Primers used for polymerase chain reaction amplification and Sanger sequencing analyses. M13 forward primer (TGTAAAACGACGGCCAGT) and M13 reverse primer (CAGGAAACAGCTATGACC) sequences are shown in italics.

RNA sequencing. Total RNA was extracted from frozen tumor tissue adjacent to that used for cytogenetic analysis and histological examination using miRNeasy Mini Kit (Qiagen, Hilden, Germany). RNA sequencing was performed on cases 1 and 2 (Table I). For this purpose, 1 μg of total RNA was sent to the Genomics Core Facility at the Norwegian Radium Hospital, Oslo University Hospital for high-throughput paired-end RNA sequencing. A total of 89×106 and 107×106 76-bp-length reads were obtained from the tumors of cases 1 and 2, respectively. FASTQC software was used for quality control of the raw sequence data (available online at: http://www.bioinformatics.babraham.ac.uk/projects/fastqc/). Fusion transcripts were found using FusionCatcher software (24, 25). The “grep” command was also used to search the fastq files of the sequence data for the HMGA2–NCOR2 fusion sequence. The principle of this approach has been described in detail elsewhere (26-28). The search terms were “AGGAAATGGCAGCAGCAA” and “AGGAAATGGC AGCAACAA” for case 1 and “CCTGCTCAGCAGCAGCAA” and “CCTGCTCAGCAGCAACAA” for case 2.

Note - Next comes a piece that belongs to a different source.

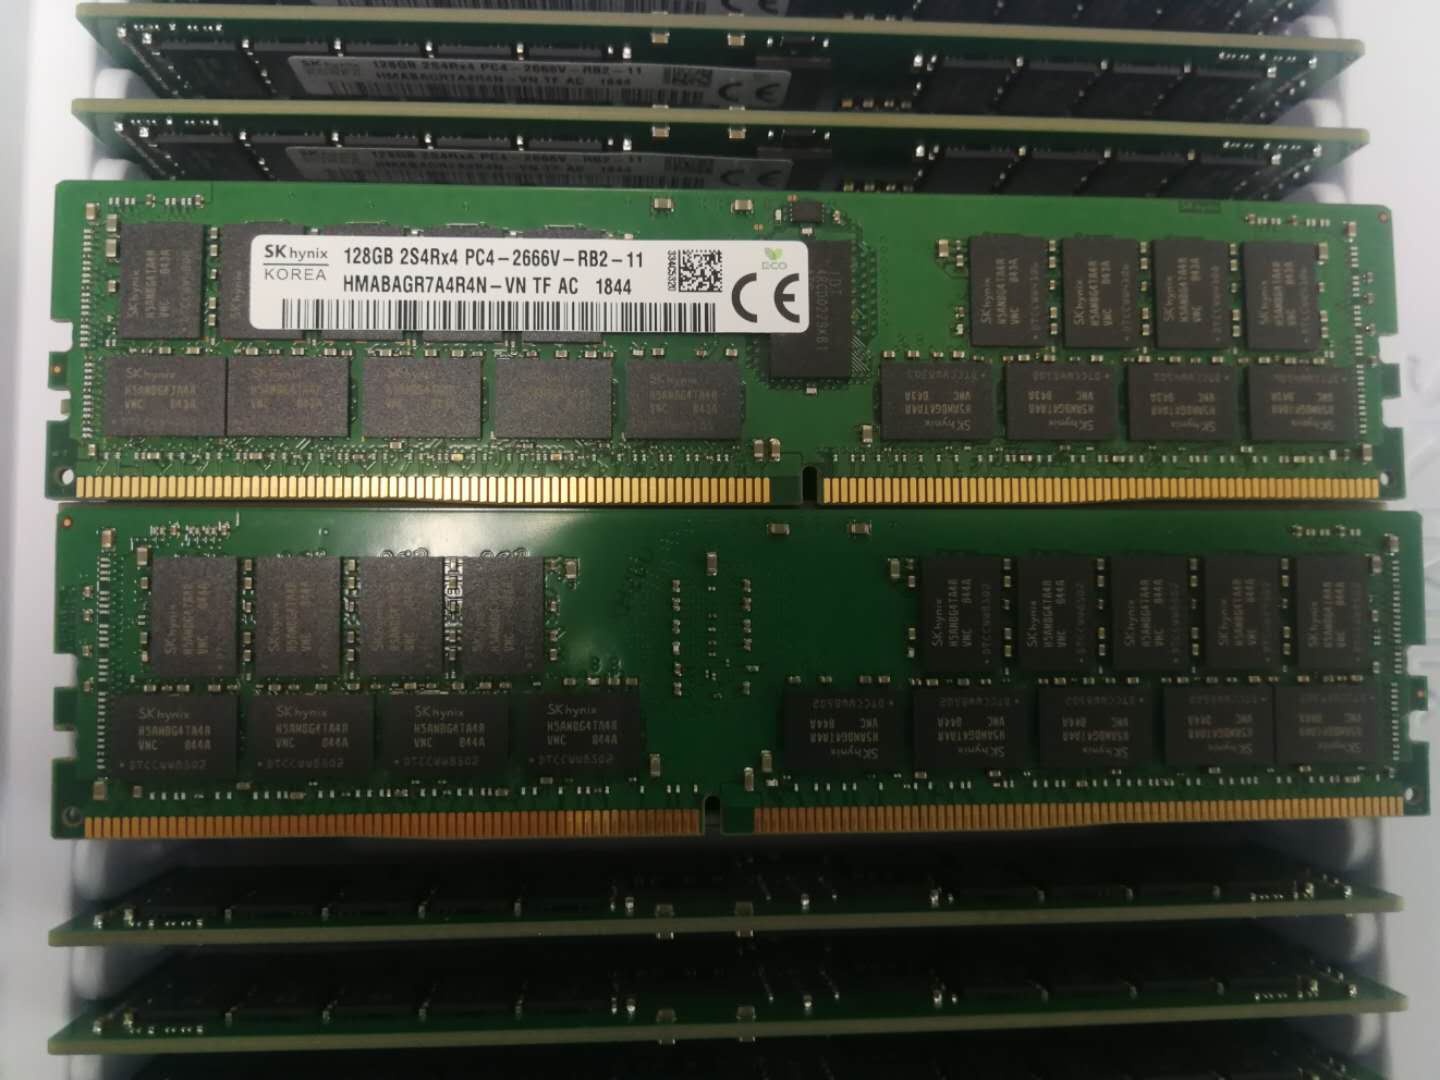 HMABAGR7A4R4N-VN SK全新原装128G 4RX4 2666V DDR4 服务器内存

Reverse transcription (RT)PCR and Sanger sequencing analyses. The primers used for PCR amplification and Sanger sequencing analyses are shown in Table II. The methodologies for cDNA synthesis, RT-PCR amplification, and Sanger sequencing were described elsewhere (29, 30). For the first outer PCR amplification, the primer combination HMGA2-846F1/NCOR2-2127R1 was used. For the second inner PCR, the primer combination HMGA2-925F1/NCOR2-2076R1 was used. The Basic Local Alignment Search Tool (BLAST) was used to compare the sequences obtained by Sanger sequencing with the NCBI reference sequences NM_003483.4 (HMGA2) and NM_006312.6 (NCOR2) (31).

Fluorescence in situ hybridization (FISH). For the detection of HMGA2–NCOR2 fusion gene, a homemade double-fusion FISH probe was used. The BAC probes were purchased from the BACPAC Resource Center operated by BACPAC Genomics, Emeryville, CA, USA (https://bacpacresources.org/) (Table III). The probes for HMGA2 were labelled with fluorescein-12-dCTP (PerkinElmer, Boston, MA, USA) to obtain a green signal. The probes for NCOR2 were labelled with Texas Red-5-dCTP (PerkinElmer) to obtain a red signal. Detailed information on the FISH procedure was given elsewhere (30, 32). Fluorescent signals were captured and analyzed using the CytoVision system (Leica Biosystems).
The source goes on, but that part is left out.